There are a few loose ends, though - while Jonjo Case is off Adam's back in the short term, having been obliged to flee across the Channel to the Netherlands after being revealed as Wang's murderer, he departs metaphorically shaking his fist back towards London and giving it all the I'll Get You, Penelope Pitstop, so will he return to wreak his revenge? Also, sweet though Rita and Adam's relationship is, she still knows him as Primo Belem the hospital porter (the name on Vladimir's black-market passport), a subterfuge which (as Adam himself concedes) can't possibly survive the two of them actually living together. And as unquestioning as she's been up to now about a lowly hospital porter conducting international espionage, you can't help thinking she'll be a little bit upset when he tells her the truth.

These are strands (there were a few in Restless as well) that would have been tied up more securely in a bog-standard thriller, so is Boyd - perhaps conscious that he's been slumming it a bit genre-wise - doing this on purpose to distinguish Ordinary Thunderstorms from a bog-standard thriller and pitch it more into the realm of literary fiction where loose ends are often left at the end? There is some slightly arch business going on with the name (Ingram Fryzer) of the drug company boss as well - as well as being the name of Christopher Marlowe's murderer it's presumably also a punning echo of another real-life drug company.

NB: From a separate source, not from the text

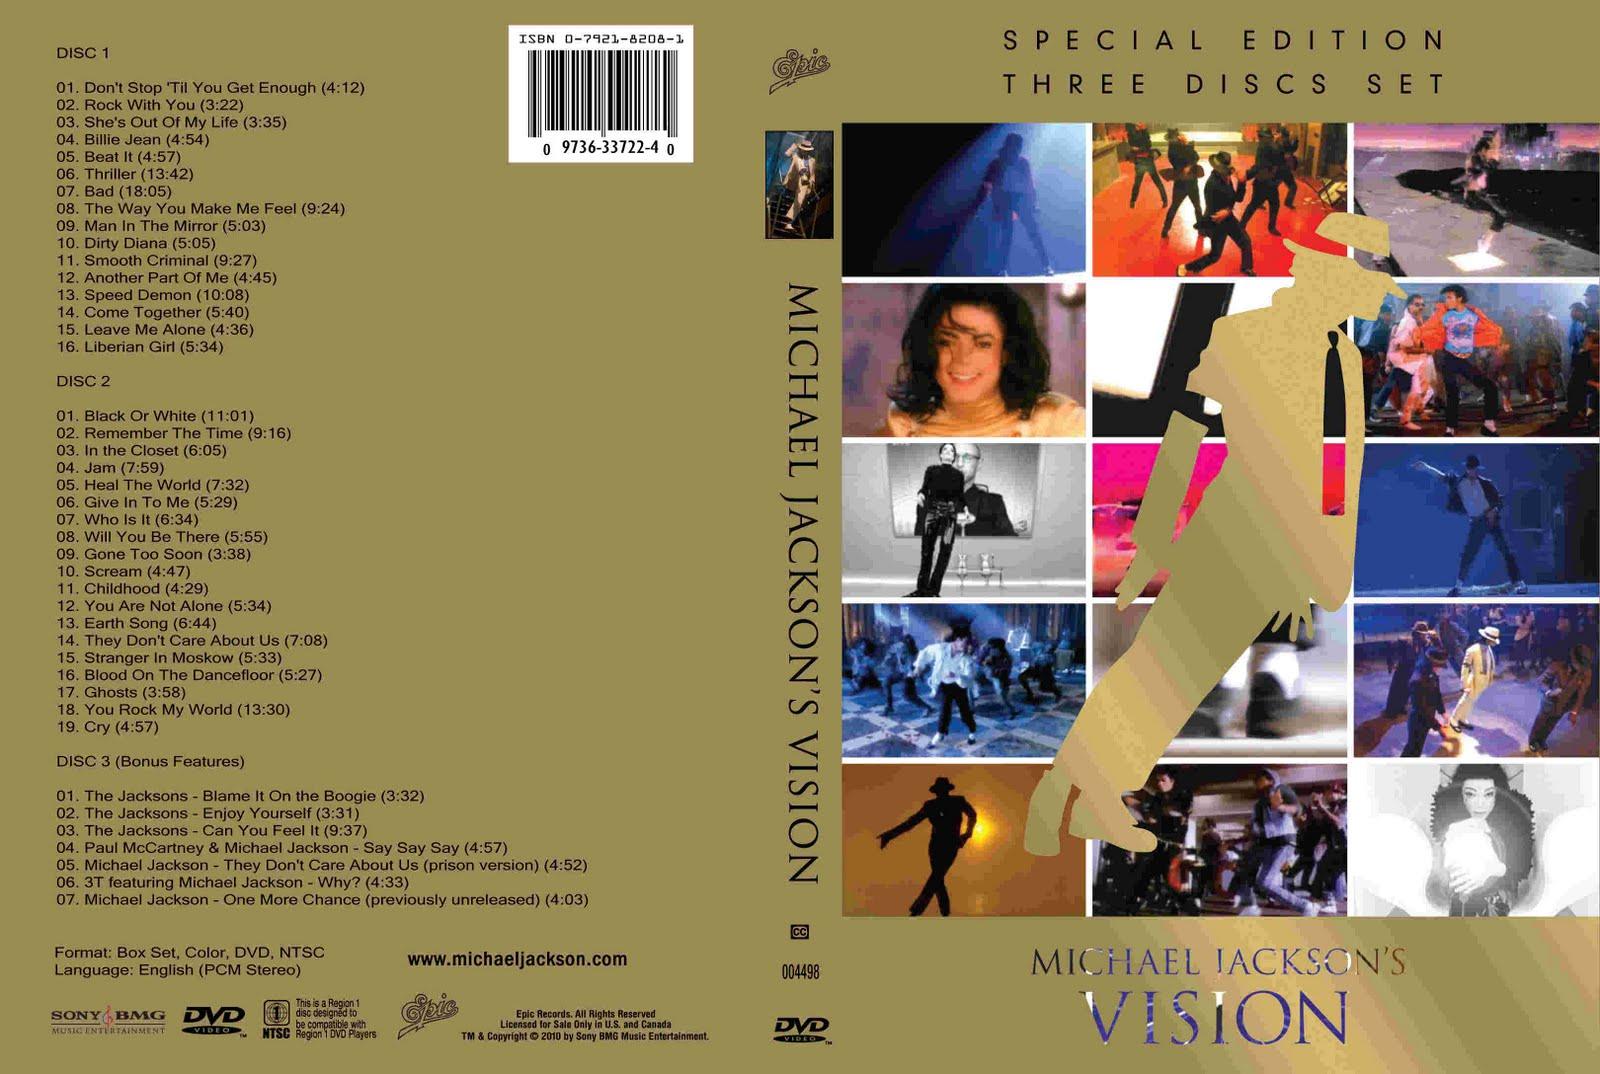 http://4.bp.blogspot.com/-CSxT9zQ3ILE/T-SX05SEQuI/AAAAAAAAA8w/NB443fExwYw/s1600/Michael_Jackson_-_Vision.jpg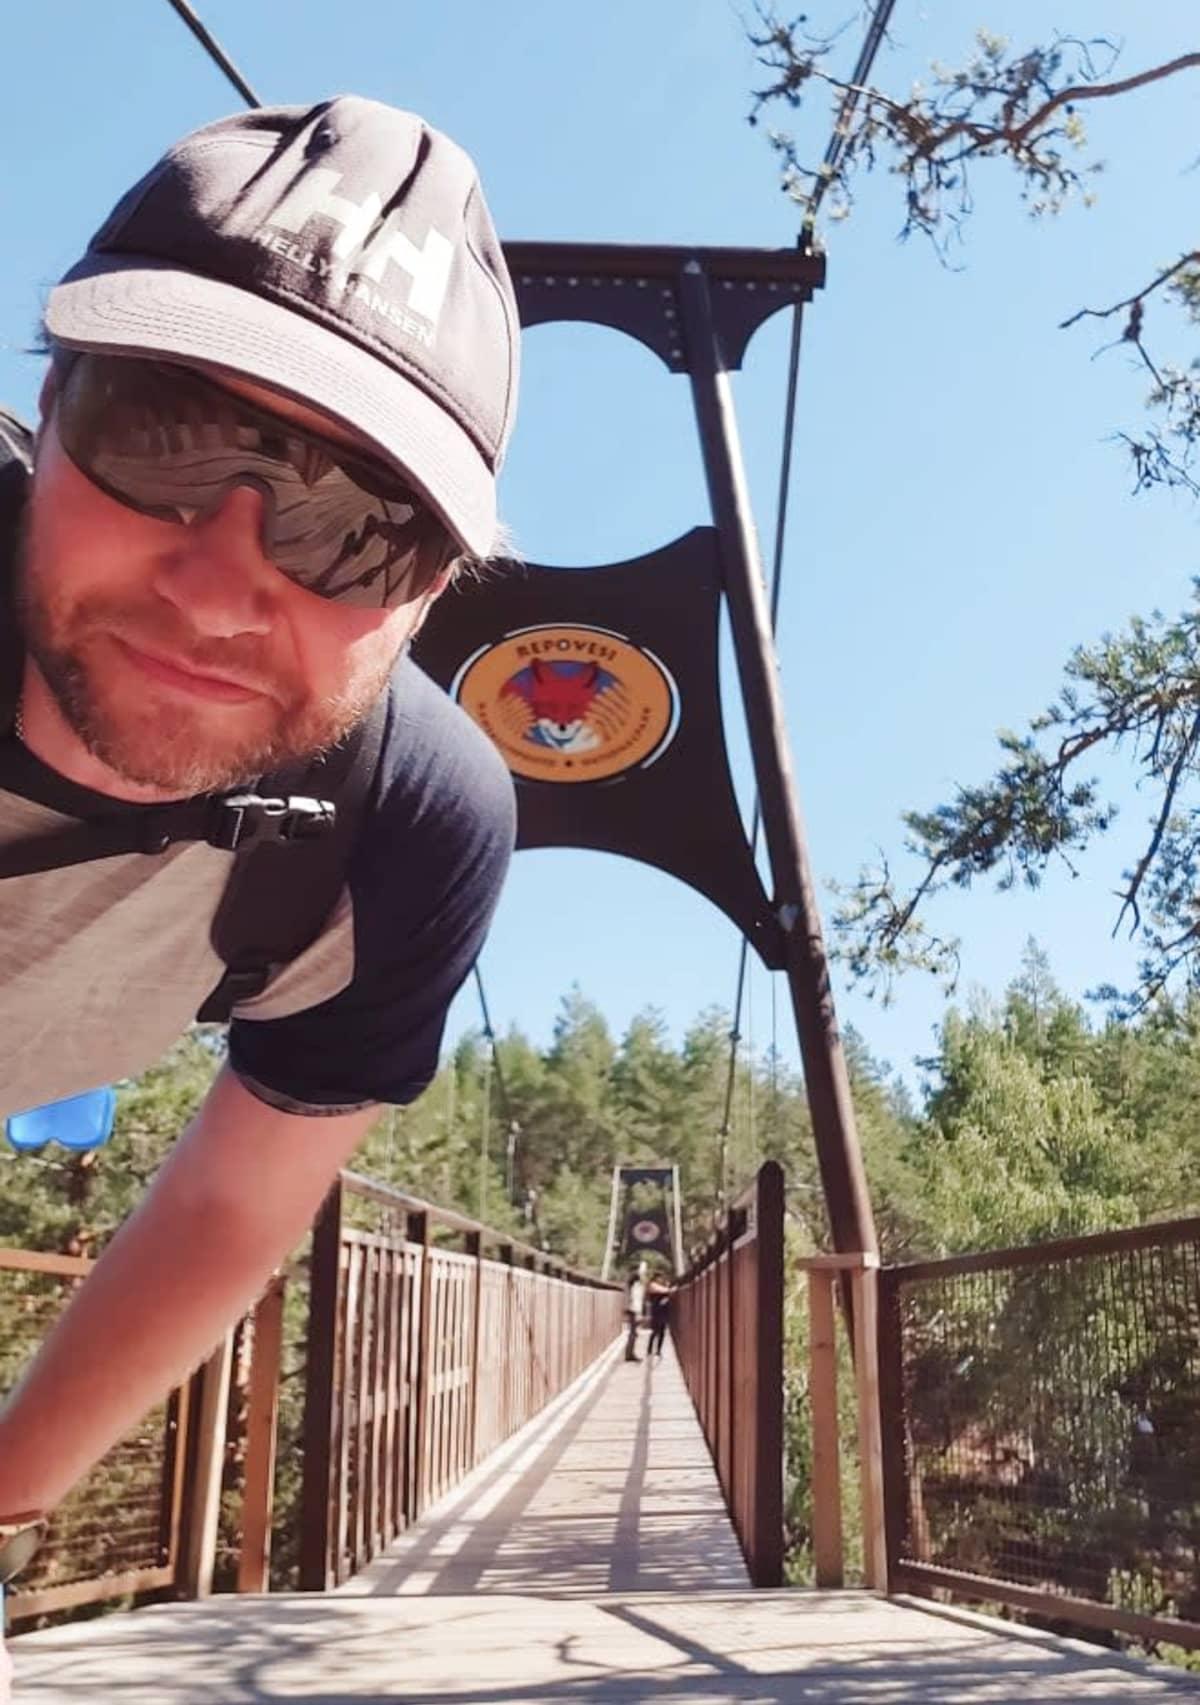 Mies katsoo kameraan Repoveden sillan luona.

Criticising what is essentially a thriller for being a bit implausible is a bit churlish, but there are a few bits which strain the reader's disbelief-suspending powers - Adam's not going straight to the police on discovering Wang for one thing, not to mention his rashly yanking the knife out of Wang's side (surely everyone knows not to do this?), thereby both getting his fingerprints all over it and hastening Wang's demise. The convenient circumstances of Vladimir's death and Adam's inheriting of his new job - which just happens to be in the very hospital where some of the drug trials were carried out - are a bit, well, convenient as well, as are the points in the story (the initial encounter with Jonjo Case and the subsequent briefcase-fu, disposing of Vladimir's body) where Adam turns into a sort of proto-Jason Bourne at the drop of a hat. Most bizarre of all is the episode towards the end where Adam casually murders Vincent Turpin, a vagrant who was trying to blackmail him - a murder we're presumably meant to applaud since it's been revealed that Turpin is a bit of a paedo and therefore fair game. I suppose, to be fair, it would be hard to name a successful and satisfying thriller that was not hugely implausible when you sat back and thought about it afterwards, though.

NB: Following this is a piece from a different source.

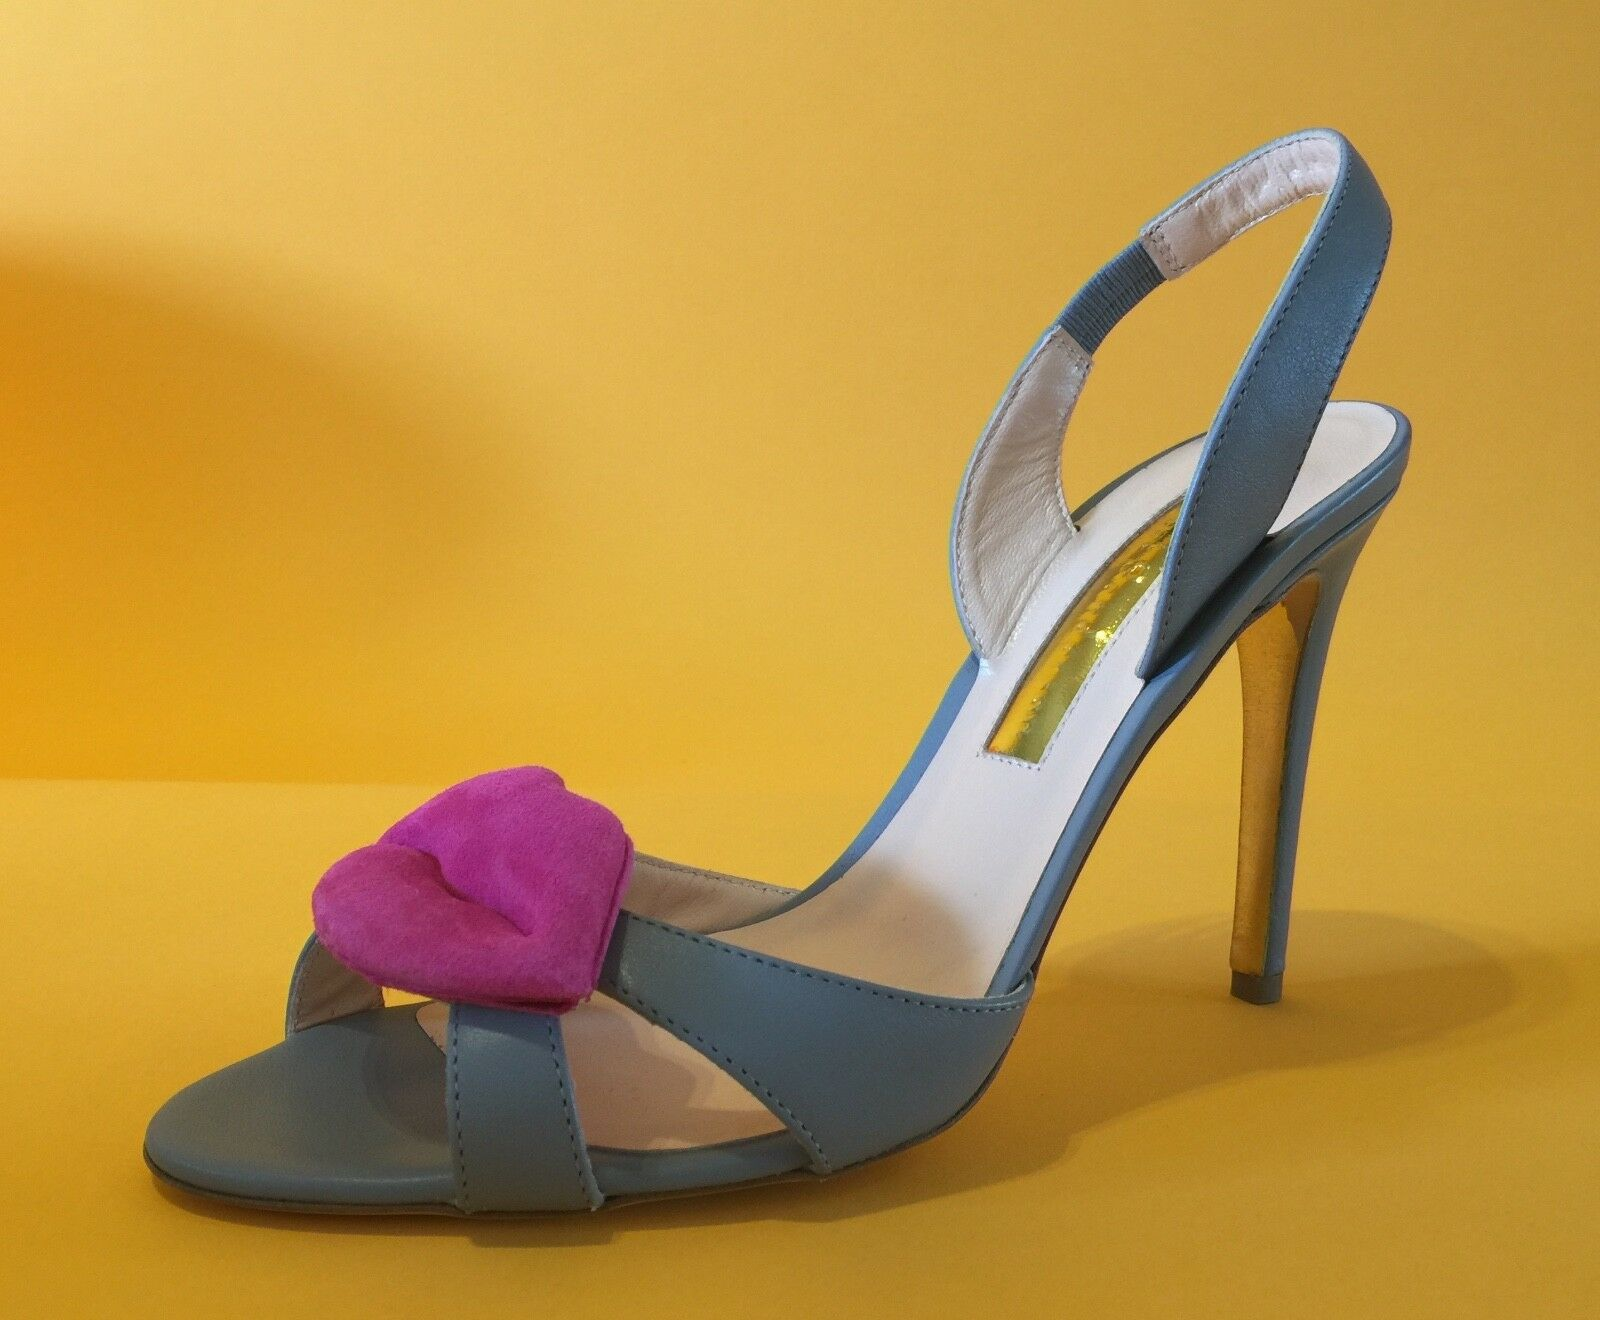 Warehouse Clearance Rupert Sanderson    Graphite Grey  Sandals UK5 EU38

It would be remiss of me not also to mention the other works whose plots Ordinary Thunderstorms echoes, most notably The Fugitive - man arrives at scene of murder just as actual murderer makes good his escape, is assumed to have committed the murder himself, escapes, reveals unsuspected resourcefulness, unearths dastardly medically-themed plot, infiltrates medical institutions to gather evidence, reveals evidence, brings down evildoers, the end. More than one of Robin Cook's medical thrillers (Fever is probably the best one) contain similar medical conspiracies that need to be exposed as well. The main character finding a body at the start of the novel and subsequently having his whole life turned upside-down also echoes the plot of Boyd's own earlier novel Armadillo (not one of his best), and I suppose as the canonical innocent-man-on-the-run-trying-to-clear-his-name story John Buchan's The 39 Steps should get a mention here as well.

Another odd coincidence is that the name of the hospital where Adam gets his portering job is St. Botolph's, the same name as the town in The Wapshot Chronicle. The real St. Botolph is the patron saint of travellers and farming, and also the man who gave his name to Boston, Lincolnshire - and therefore also to Boston, Massachusetts - "Boston" being a contraction of "Botolphston" or something similar.

I wouldn't want you to think the slightly nit-picky tone above means I didn't enjoy Ordinary Thunderstorms, because it's thoroughly readable and very exciting, with characters (unlike a lot of thrillers) you actually care about. It's just that after the excellence of things like Brazzaville Beach and The Blue Afternoon this seems a bit.....ooh, I dunno - unambitious? Start with those, anyway.